Ambient auto write only fills the gap when the agent did not record anything itself, and only when the turn clears a quality bar, so routine churn is dropped rather than journaled.

What the daemon does

The daemon is the one warm process behind fast recall.

flowchart LR
  Start["start"] --> Warm["warm"]
  Warm --> Register["register"]
  Register --> Serve["serve"]
  Serve --> Idle{"idle?"}
  Idle -->|No| Serve
  Idle -->|Yes| Exit["exit"]
  Serve --> Tick["maintenance"]
  Tick --> Serve
  • On start it builds the MCP server, begins warming the embedding model in a background thread (so it can serve immediately while the model finishes loading), and registers itself in a small JSON registry.
  • It serves the MCP tools over local HTTP with a bearer token, plus a few internal routes that the hooks call (prepare-context, session-restore, pretool).
  • It can idle exit after a configured time so a forgotten daemon does not hold memory forever. The hooks restart it on the next message.
  • A maintenance tick runs in the background while the daemon is idle, for tasks like archiving cold events. It never runs on the per message path.
  • Stdio only hosts such as Codex reach the daemon through pmb mcp proxy, a light bridge that holds no model.

What each hook does

For Claude Code, PMB installs the full set:

  • UserPromptSubmit runs prepare-context: the read path above. This is the one that injects memory before the model thinks.
  • SessionStart runs session-restore: after a compaction or a resume, it rebuilds a short digest of what this session already decided and did, so the agent does not re-ask you.
  • PreToolUse runs pretool: before a tool call it can surface a matching rule, for example a lesson that names the command about to run. It is advisory and never blocks the action.
  • PostToolUse runs track-action: it records the action for ambient memory, as a single fast write with no model.
  • Stop runs lesson-followcheck and autowrite: it scores which surfaced lessons were actually followed, and journals the turn if the agent recorded nothing itself.

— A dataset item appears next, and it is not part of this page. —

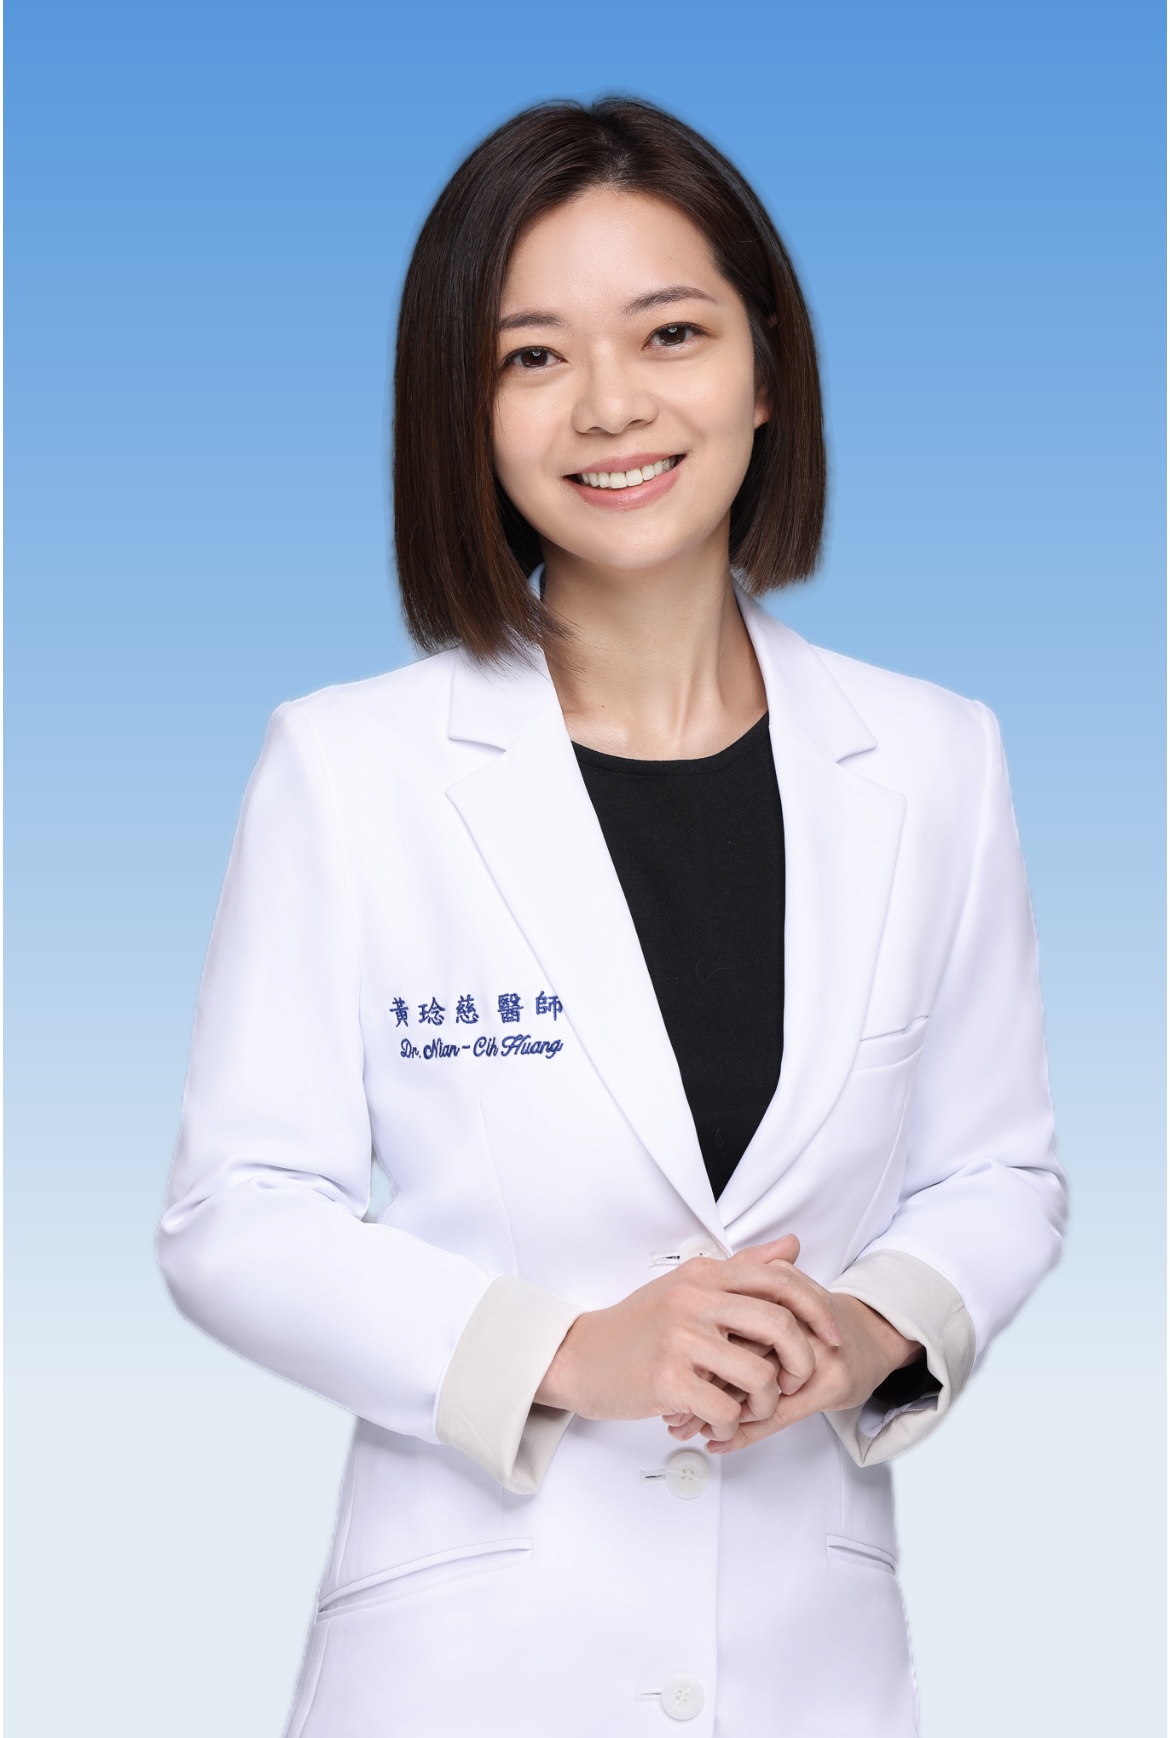 Nian-Cih Huang Attending Physician
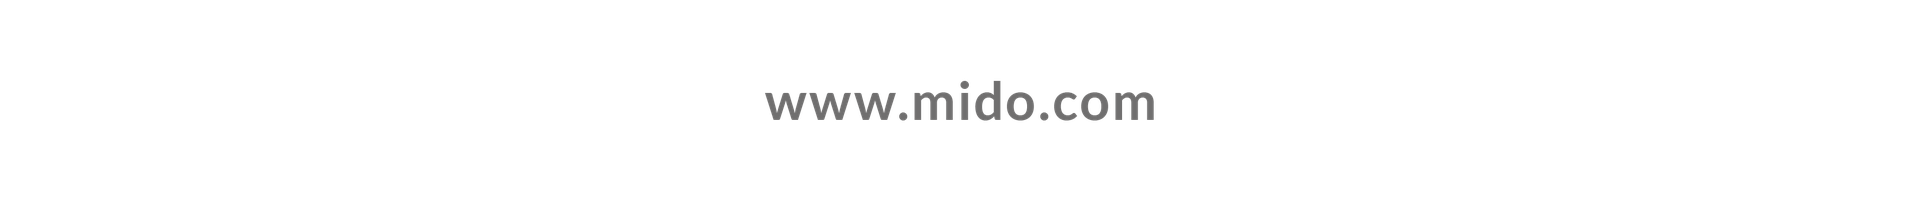 www.mido.com

Codex has no per turn or session shell hook. Its one extension point is notify, fired when a turn completes, wired to pmb codex-notify, which reads the Codex rollout log for ambient memory. Read first and recall for Codex come from the AGENTS.md rules that pmb connect codex installs, so the agent calls prepare and recall itself.

Recall internals

Recall combines two channels and then ranks:

  • Lexical (BM25) matches the actual words. It is strong for exact terms, identifiers, and rare tokens.
  • Semantic (vectors) matches meaning. It is strong for paraphrase and for cross language queries.
  • The two are combined with min-max normalization so neither channel dominates just because its raw scores live on a different scale.
  • Candidates are then ranked by signals such as importance, recency, and how often a memory has been useful before.

On top of that:

  • Precision gates keep the read path quiet. A question the workspace knows nothing about, or pure small talk, surfaces nothing rather than the closest weak match.
  • Cross language handling. When a query's content words are out of vocabulary for the lexical index, for example a question in one language over notes in another, the lexical channel is down weighted so the semantic channel decides.
  • Lessons render as rules. Procedural memory (lessons, corrections) is shown as rules to follow, separate from ordinary background context, so the agent treats it with the right weight.